We have been looking around today to find a "cheap" flight for next month for my partner to visit me in The netherlands.

We usually fly with Cathay or China southern but now i'm curious to know which airlines others like to use and which airline you think is "cheap"

might be good to get some more ideas of where to look


----------



## ozzy (Jun 8, 2013)

Qantas is quite good


----------



## DylanW (Jan 26, 2011)

ozzy said:


> Qantas is quite good


Qantas is very good but by far not the cheapest. if you want to compare airlines use sites such at Cheap Flights & Airfares - Compare Domestic and International Airlines - Webjet.com.au

Cheers,
Dylan


----------



## ozzy (Jun 8, 2013)

DylanW said:


> Qantas is very good but by far not the cheapest. if you want to compare airlines use sites such at Cheap Flights & Airfares - Compare Domestic and International Airlines - Webjet.com.au
> 
> Cheers,
> Dylan


U get what u pay for. I'd rather pay abit extra and be looked after with great service.


----------



## DylanW (Jan 26, 2011)

I def agree but his questions was good but cheap 

I fly all over the country for work and I have chosen to pay a little more and I only fly Qantas... Besides I like the points


----------



## robboat (Jun 12, 2012)

Marjan said:


> This probably been asked before.. but which airline is good but cheap? From and to Sydney.
> We have been looking around today to find a "cheap" flight for next month for my partner to visit me in The netherlands.
> We usually fly with Cathay or China southern but now i'm curious to know which airlines others like to use and which airline you think is "cheap"
> might be good to get some more ideas of where to look


Good, cheap, short.....pick any two....

Have you looked for special discounts direct from the airlines?
That often works...they sell the last seats of the flight cheaper....
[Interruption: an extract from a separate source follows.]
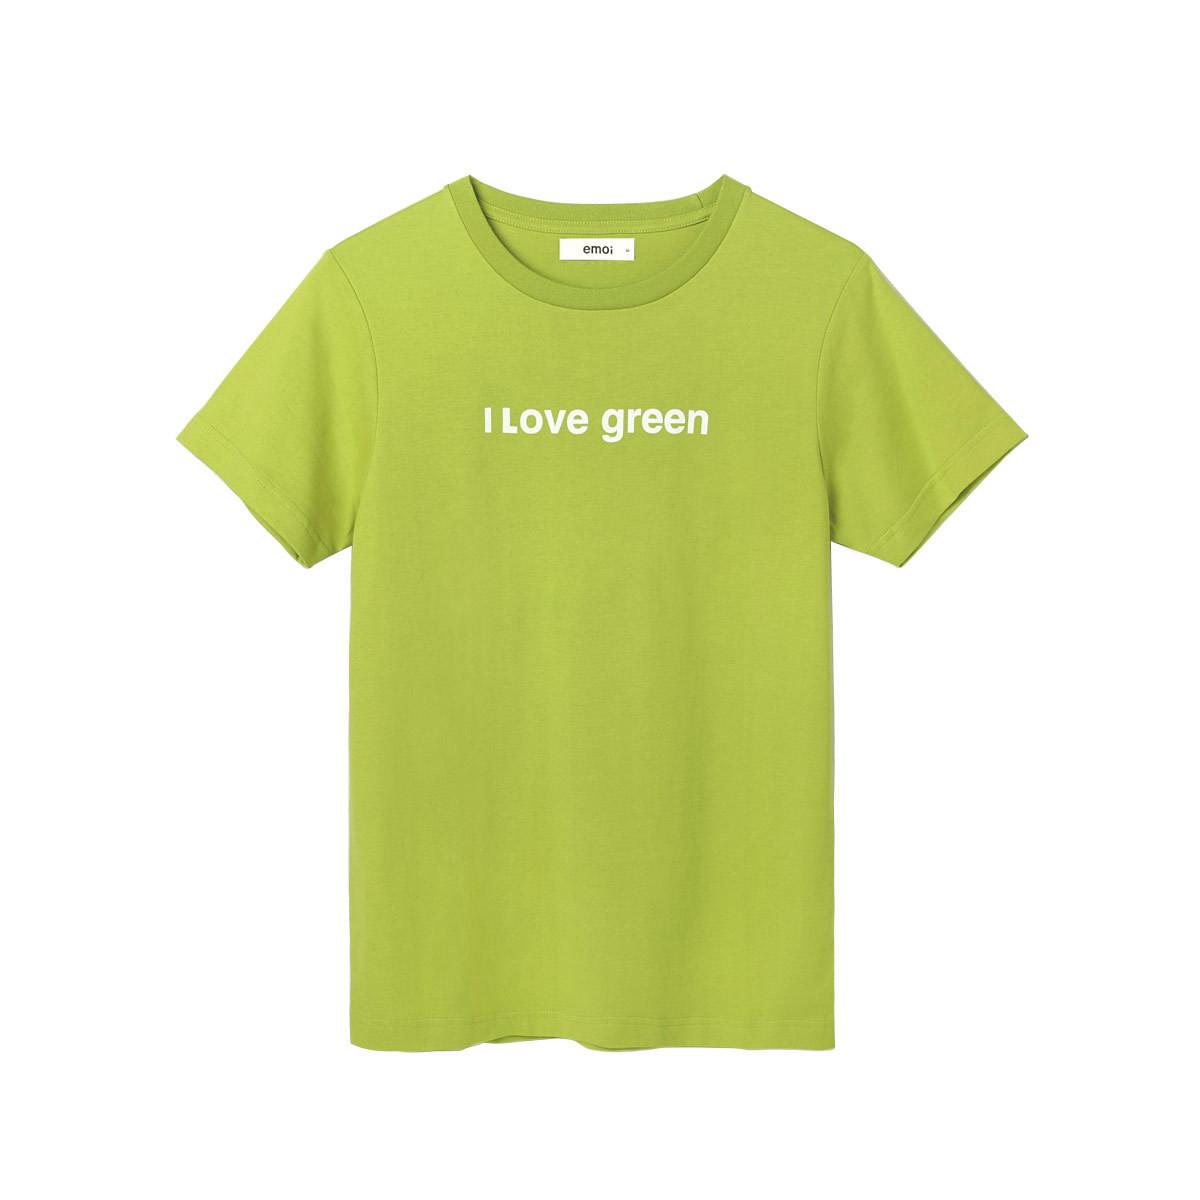 广告T恤电脑数字化制稿的流程
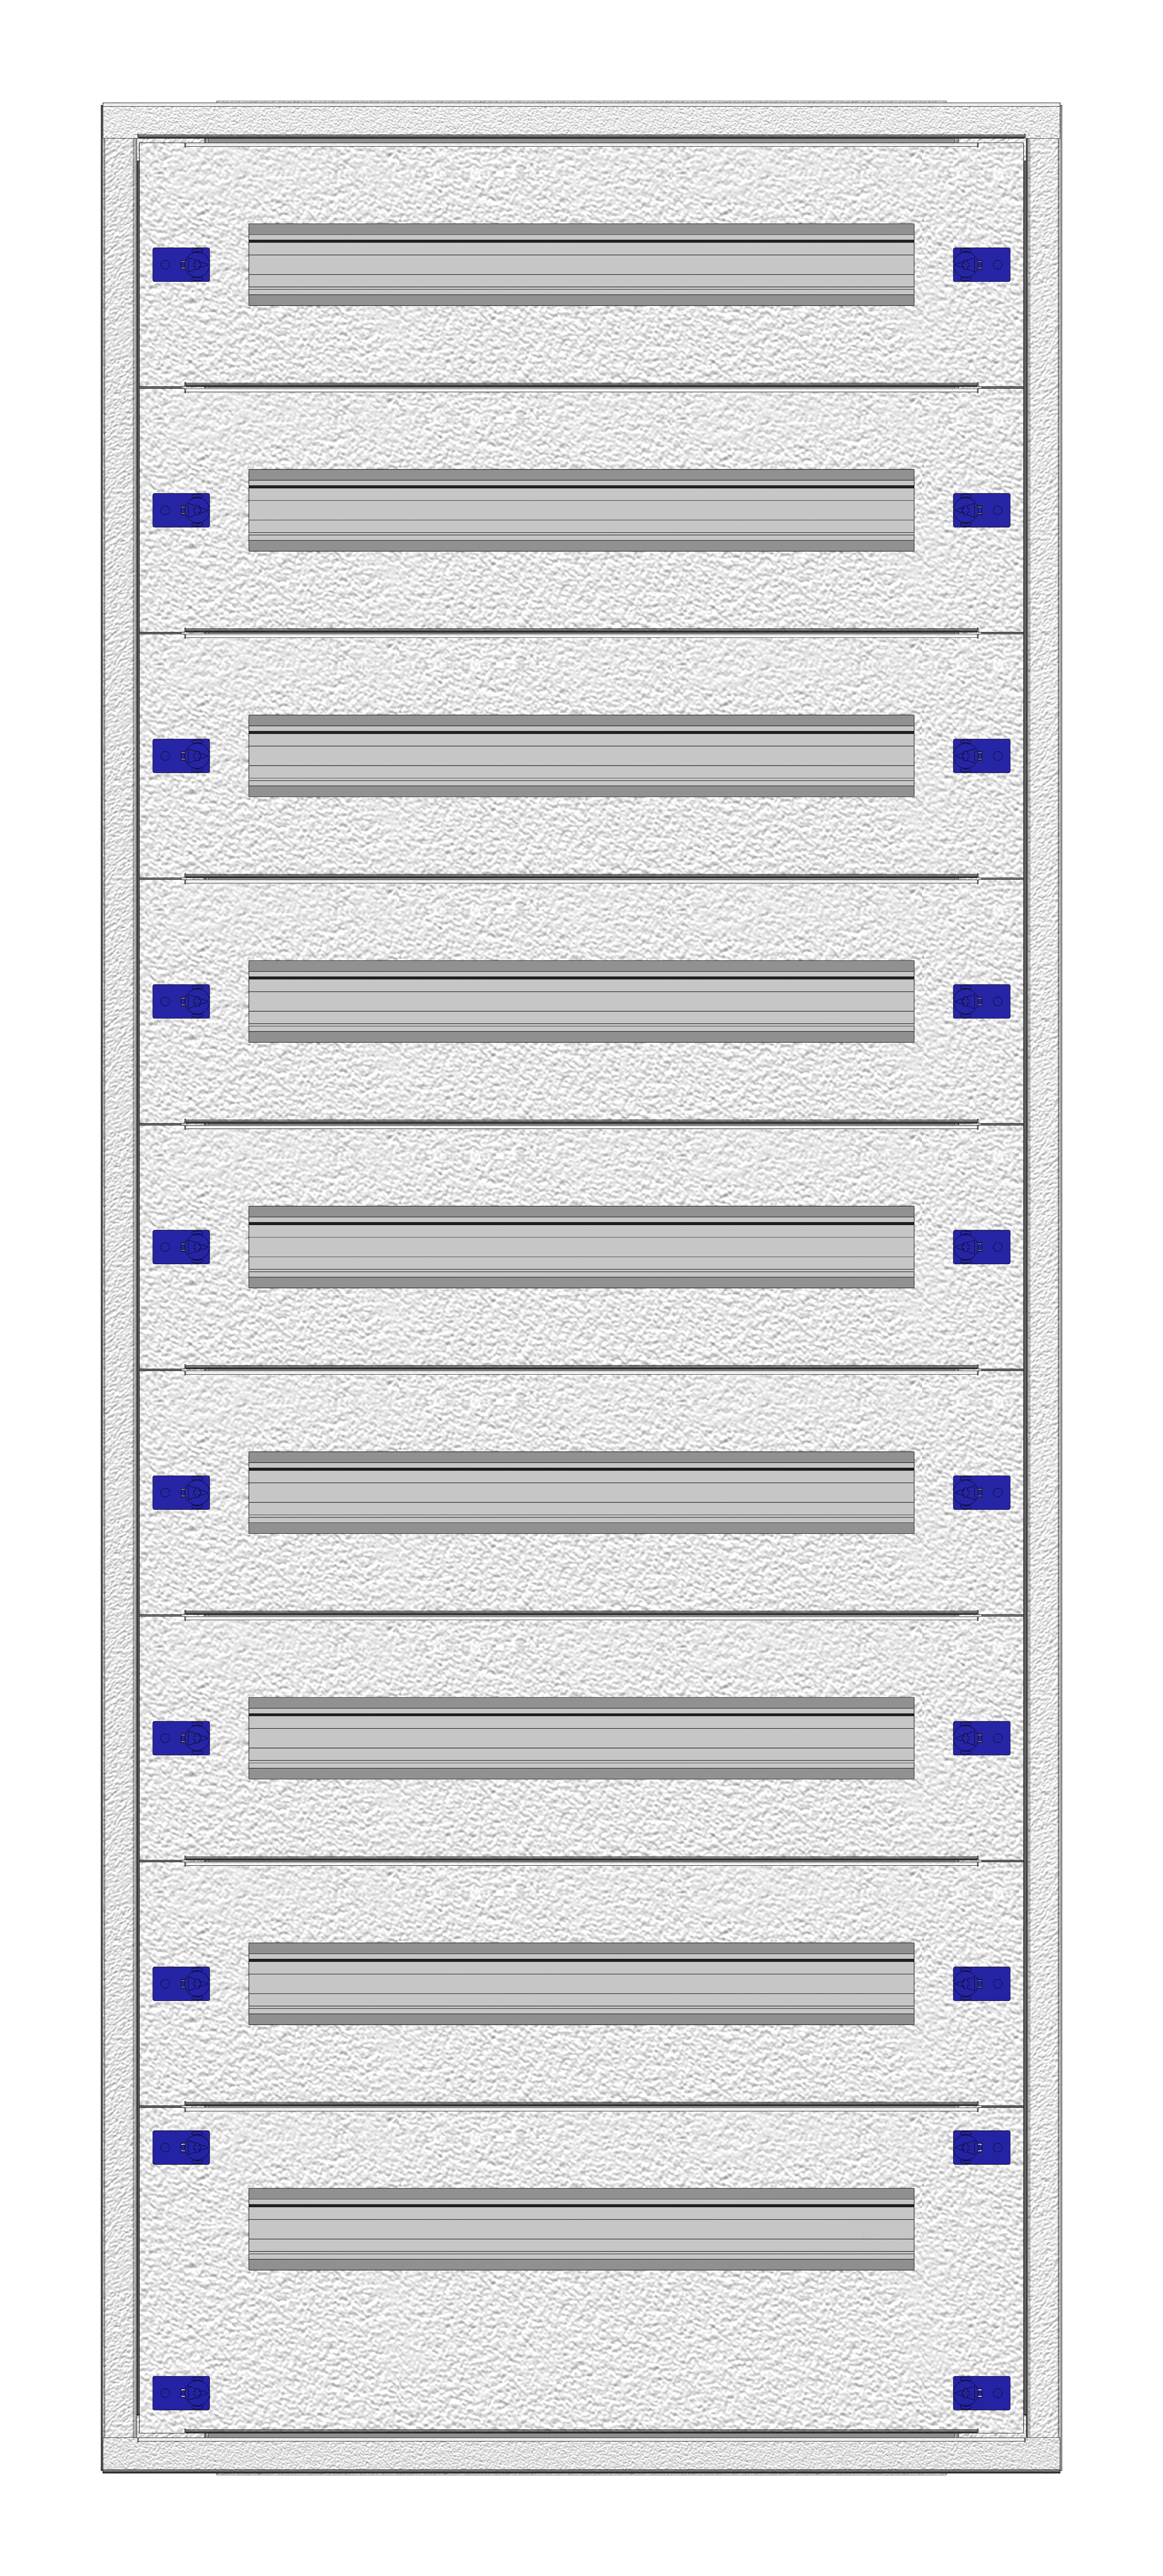 1 Stk Aufputz-Installationsverteiler 2A-28K, H1380B590T250mm IL172228AS

Otherwise - a quick search with www.kayak.com suggested that China Southern is still the cheapest (and slowest).
But - for a few dollars more you can go Malaysian Airlines which is much better....and quicker!
If you can go another few dollars then there is an Emirates flight that is even better again.

I fly Australia - SE Asia - Africa and find that Emirates offers the best deal with on time flights, in flight service and aircraft.
Air Asia is the cheapest out of Australia but it is long, complex and slow for international flights.

Another option is to mix and match...fly from hub to hub and find the cheapest flights.....takes a lot longer but you can save $$$


----------